From: David Gibson <david@gibson.dropbear.id.au>
To: Jon Maloy <jmaloy@redhat.com>
Cc: passt-dev@passt.top, sbrivio@redhat.com, lvivier@redhat.com,
dgibson@redhat.com
Subject: Re: [PATCH v7 2/4] udp: create and send ICMPv4 to local peer when applicable
Date: Fri, 28 Feb 2025 13:08:33 +1100 [thread overview]
Message-ID: <Z8EaoaHOXVIyhBmf@zatzit> (raw)
In-Reply-To: <20250227213518.506955-3-jmaloy@redhat.com>
[-- Attachment #1: Type: text/plain, Size: 7043 bytes --]
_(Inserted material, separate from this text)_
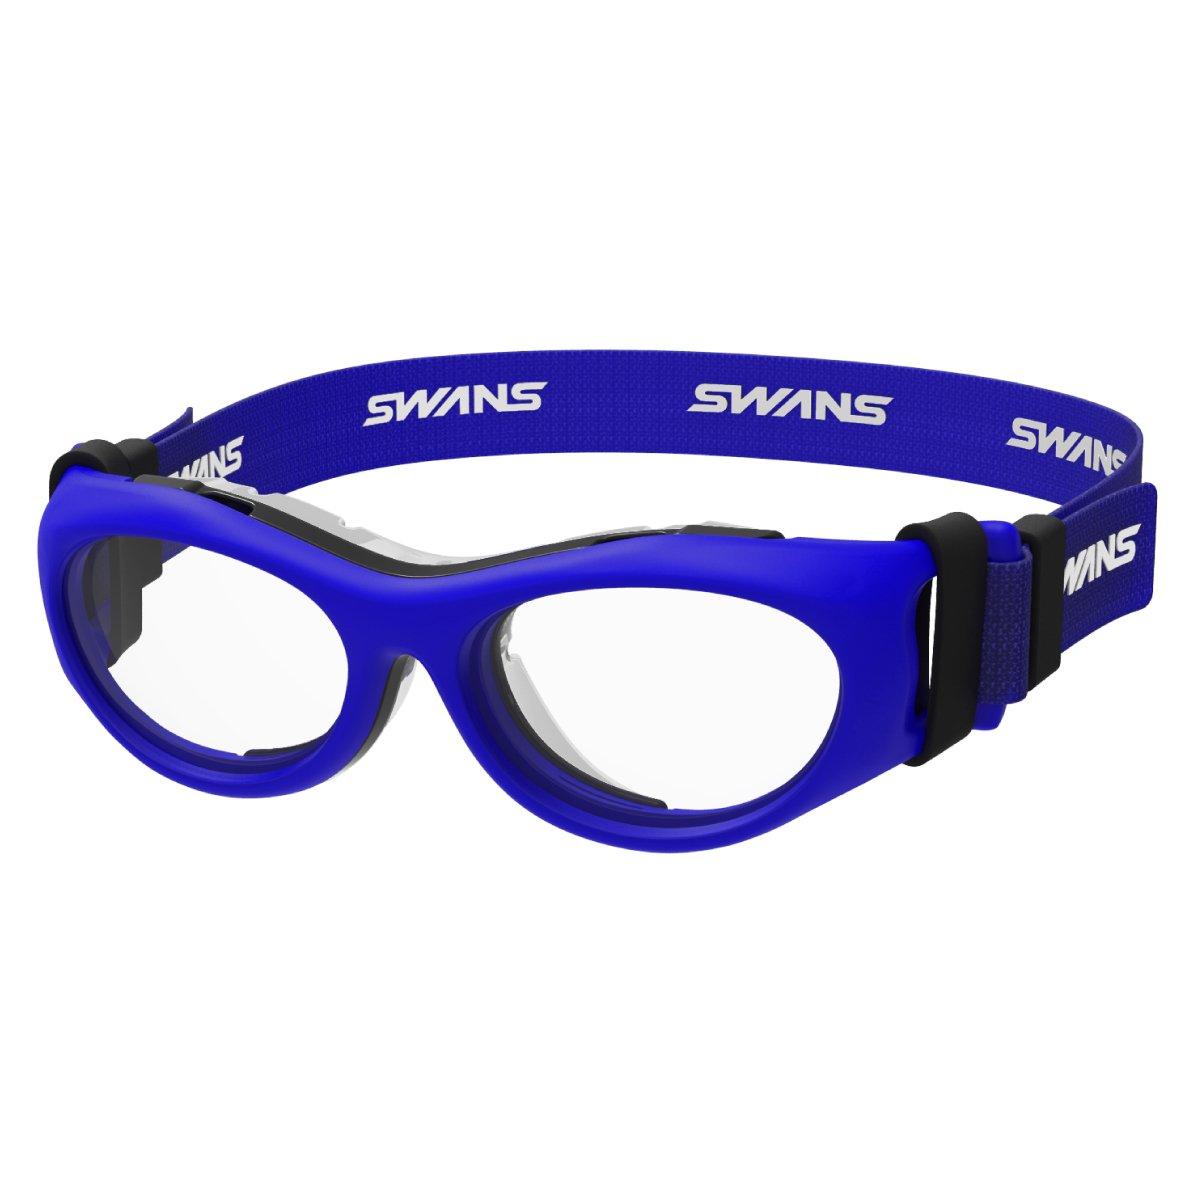 新品本物 SWANS(スワンズ) アイガード SVS-600N 10 歳~14歳まで アイガード ネイビー×クリア SVS-600N スポーツ用メガネフレーム 歳~14歳まで B0787PGGV1, ガーデン太郎:6b055e4e --- ballyshannonshow.com

On Thu, Feb 27, 2025 at 04:35:16PM -0500, Jon Maloy wrote:
> When a local peer sends a UDP message to a non-existing port on an
> existing remote host, that host will return an ICMP message containing
> the error code ICMP_PORT_UNREACH, plus the header and the first eight
> bytes of the original message. If the sender socket has been connected,
> it uses this message to issue a "Connection Refused" event to the user.
>
> Until now, we have only read such events from the externally facing
> socket, but we don't forward them back to the local sender because
> we cannot read the ICMP message directly to user space. Because of
> this, the local peer will hang and wait for a response that never
> arrives.
>
> We now fix this for IPv4 by recreating and forwarding a correct ICMP
> message back to the internal sender. We synthesize the message based
> on the information in the extended error structure, plus the returned
> part of the original message body.
>
> Note that for the sake of completeness, we even produce ICMP messages
> for other error codes. We have noticed that at least ICMP_PROT_UNREACH
> is propagated as an error event back to the user.
>
> Reviewed-by: David Gibson <david@gibson.dropbear.id.au>
> Signed-off-by: Jon Maloy <jmaloy@redhat.com>
I know I reviewed this already, but I did spot a couple of extra
things with the context of the later patches.
[snip]
> +/**
> + * udp_send_conn_fail_icmp4() - Construct and send ICMPv4 to local peer
> + * @c: Execution context
> + * @ee: Extended error descriptor
> + * @ref: epoll reference
> + * @in: First bytes (max 8) of original UDP message body
> + * @dlen: Length of the read part of original UDP message body
> + */
> +static void udp_send_conn_fail_icmp4(const struct ctx *c,
> + const struct sock_extended_err *ee,
> + const struct flowside *toside,
> + void *in, size_t dlen)
> +{
> + struct in_addr oaddr = toside->oaddr.v4mapped.a4;
> + struct in_addr eaddr = toside->eaddr.v4mapped.a4;
> + in_port_t eport = toside->eport;
> + in_port_t oport = toside->oport;
> + struct {
> + struct icmphdr icmp4h;
> + struct iphdr ip4h;
> + struct udphdr uh;
> + char data[ICMP4_MAX_DLEN];
> + } __attribute__((packed, aligned(__alignof__(max_align_t)))) msg;
> + size_t msglen = sizeof(msg) - sizeof(msg.data) + dlen;
> +
Having an ASSERT(dlen < ICMP_MAX_DLEN) would make me (and maybe some
static checkers) a bit less nervous :).
> + memset(&msg, 0, sizeof(msg));
> + msg.icmp4h.type = ee->ee_type;
> + msg.icmp4h.code = ee->ee_code;
Do you need any extra info here in the case of an ICMP Would Fragment
message, as you do for the sort of equivalent ICMPv6 Packet Too Big?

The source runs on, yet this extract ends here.